Virus-Induced Gene Silencing of N. benthamiana SAMT1 (Nb SAMT1). (A) N. benthamiana plants infected with TTO-Nb SAMT1 were photographed at 21 d after inoculation. (B) Uninfected N. benthamiana plants were photographed at 21 d after inoculation. (C) and (D) N. benthamiana plants infected with TTO-Nb SAMT1 (C) or TTO-CrtB (D) used as a control were photographed at 21 d after inoculation. (E) RT-PCR analysis of the transcript level of Nb SAMT1. Primers annealing outside of the TTO-Nb SAMT1 construct were used.
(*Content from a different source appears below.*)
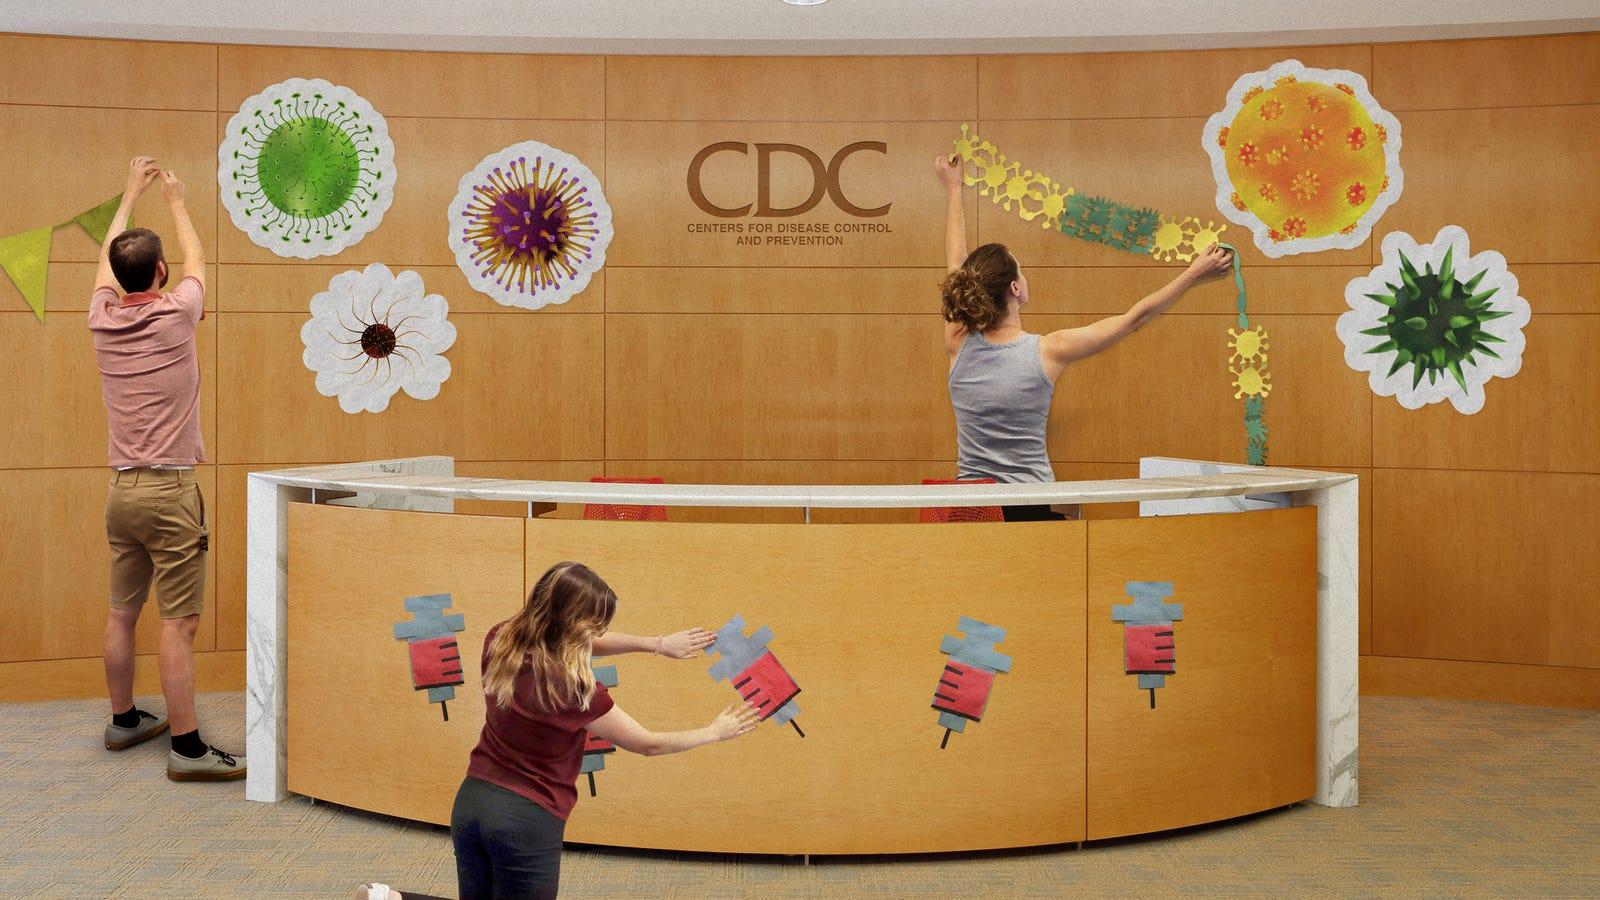 Aufgeregt CDC-Mitarbeiter Beginnen, die Dekoration Für eine Grippe-Saison

The expression of α-tubulin was used as a control. Upper uninoculated leaves from three independent plants were used to determine Nb SAMT1 mRNA levels in TTO-Nb SAMT1 (A), TTO-CrtB (D), and uninfected (B) plants. PCR was performed for 25 cycles (α-tubulin) and 32 cycles (Nb SAMT1). (F) RNA gel blot analysis was performed using total RNA (10 μg) isolated from the same plants described for (E). Blots were hybridized with Nb SAMT1 probe and 18S rRNA probe to verify equivalent sample loading.

Figure 8.

Pigment and Prenyllipid Contents of Uninfected, TTO-CrtB, and TTO-Nb SAMT1–Silenced Plants. (A) Total carotenoid (CAR) and chlorophyll (CHL) contents. (B) Total α-tocopherol (α-T), γ-tocopherol (γ-T), plastoquinone-9 (PQ9), and phylloquinone (K1) contents. (C) Upper noninoculated leaves were detached and incubated with 5 mM 5-aminolevulinate (ALA) for 12 h in the dark before determination of MgProto IX and MgProto IX Me contents. Total lipids were extracted from 3-week-old plants and subjected to chromatographic analysis. Values represent means ± sd from three independent analyses. FW, fresh weight.